Добавить в цитаты Настройки чтения

Страница 107 из 152

Встав с кресла, Огнев несколько секунд всматривался в осунувшееся лицо Квятковского. Выждав, пока тот тщательно протер клетчатым платком очки и водрузил их на место, он заговорил совершенно официально, сухо и строго:

— Милостивый государь Павел Федорович, должен выразить вам глубочайшее неудовольствие. Как вы смели прибегать к розгам в нашей гимназии? Отныне и навсегда — запрещаю вам сие! Заготовленную же вами лозу впредь оставляйте у себя дома для домашнего употребления. Прошу запомнить сие. И ежели мне будет доложено о ваших новых «упражнениях», принужден буду просить вас об отставке.
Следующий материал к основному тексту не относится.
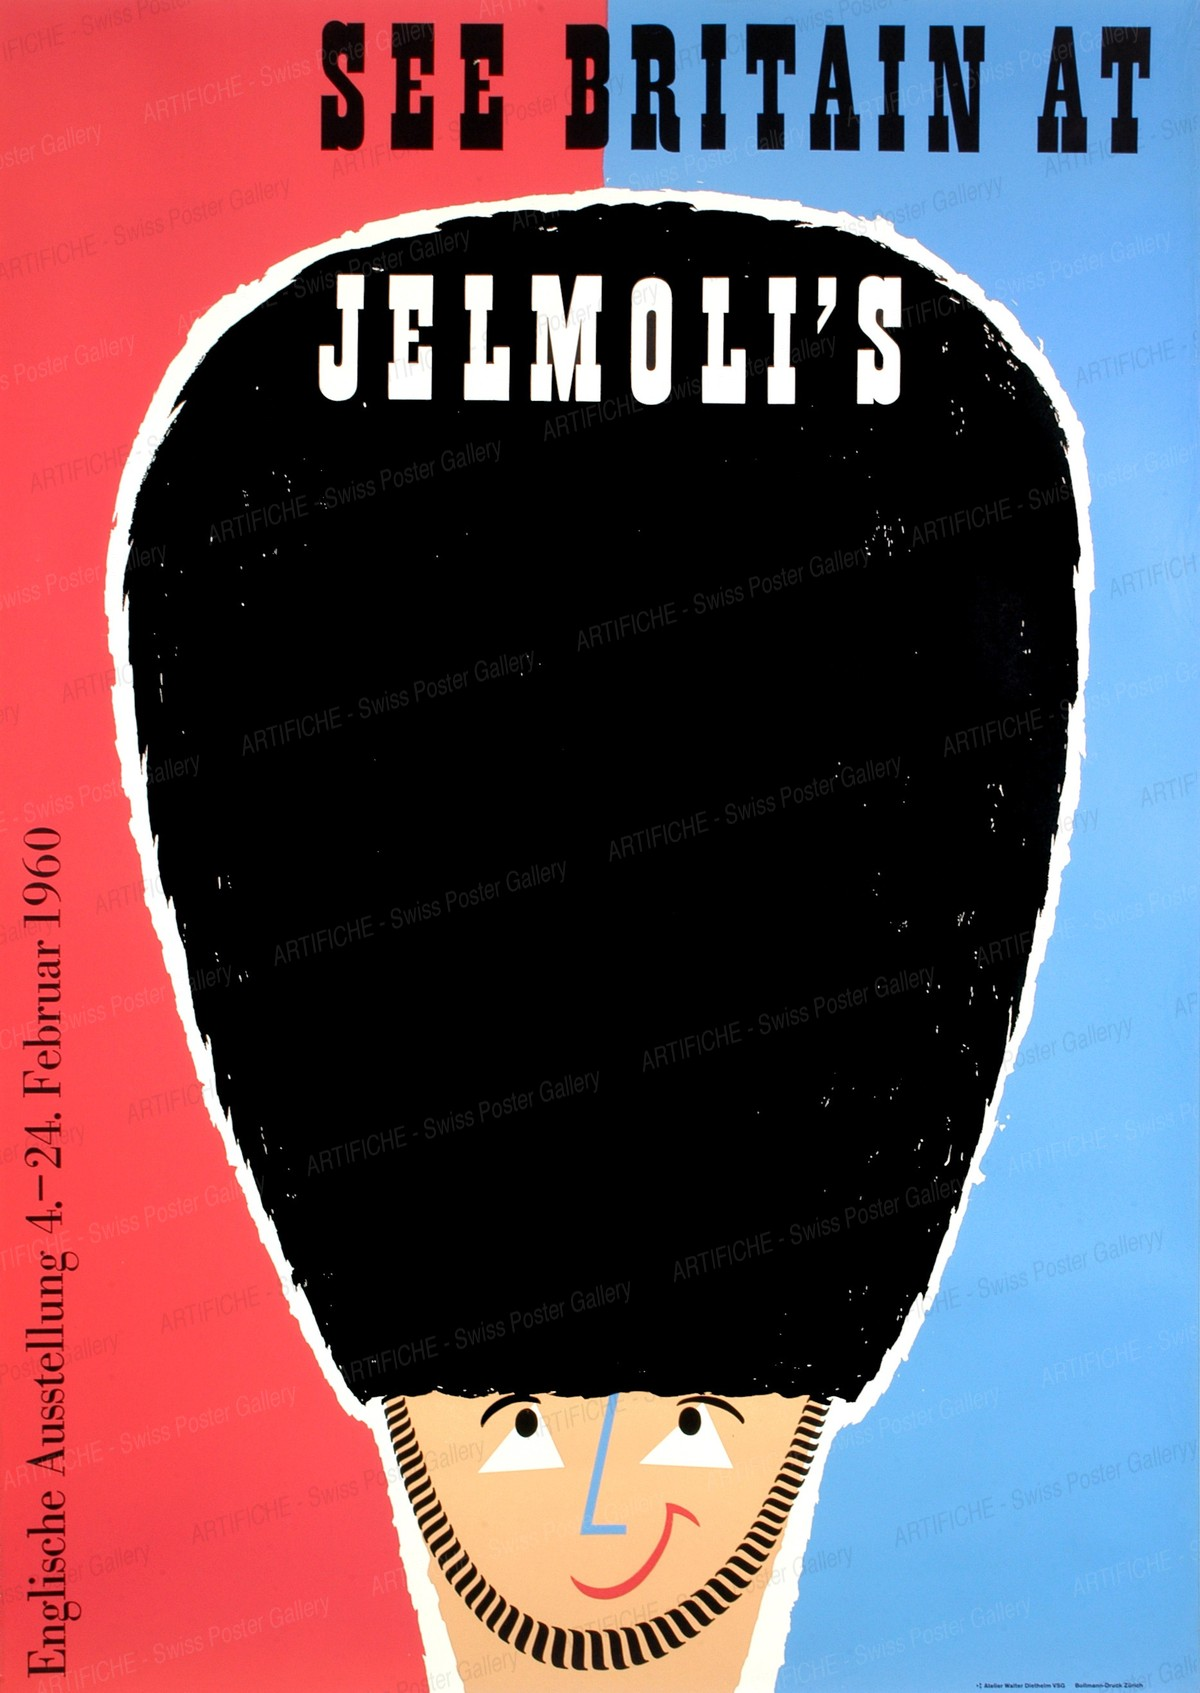 Jelmoli – See Britain at Jelmoli's 1960, Walter Diethelm

Я приму ее, не сомневайтесь, хотя, признаюсь, нелегко нам будет без преподавателя латинского. Но — обойдемся. Правом, данным мне его сиятельством попечителем, а также и правителем края, требую неукоснительного исполнения моей воли. — Огнев взглянул на молчаливо стоявшего у окна Котляревского: — Что касается ваших предложений, господин надзиратель, о методе преподавания, то принужден сказать: они несомненно заслуживают внимательного рассмотрения, и мы это сделаем на ближайшем учительском совете. — Огнев поправил жесткий воротник, подпиравший подбородок, и обычным бесцветным тоном закончил: — А пока вы свободны... Урок, полагаю, Павел Федорович, надобно продолжить, в оставшееся время можно изрядно потрудиться.

«Беседа» у Огнева продолжалась почти полчаса, но поскольку в те годы гимназический урок длился два часа без перерыва, то, разумеется, в оставшееся время еще многое можно было успеть.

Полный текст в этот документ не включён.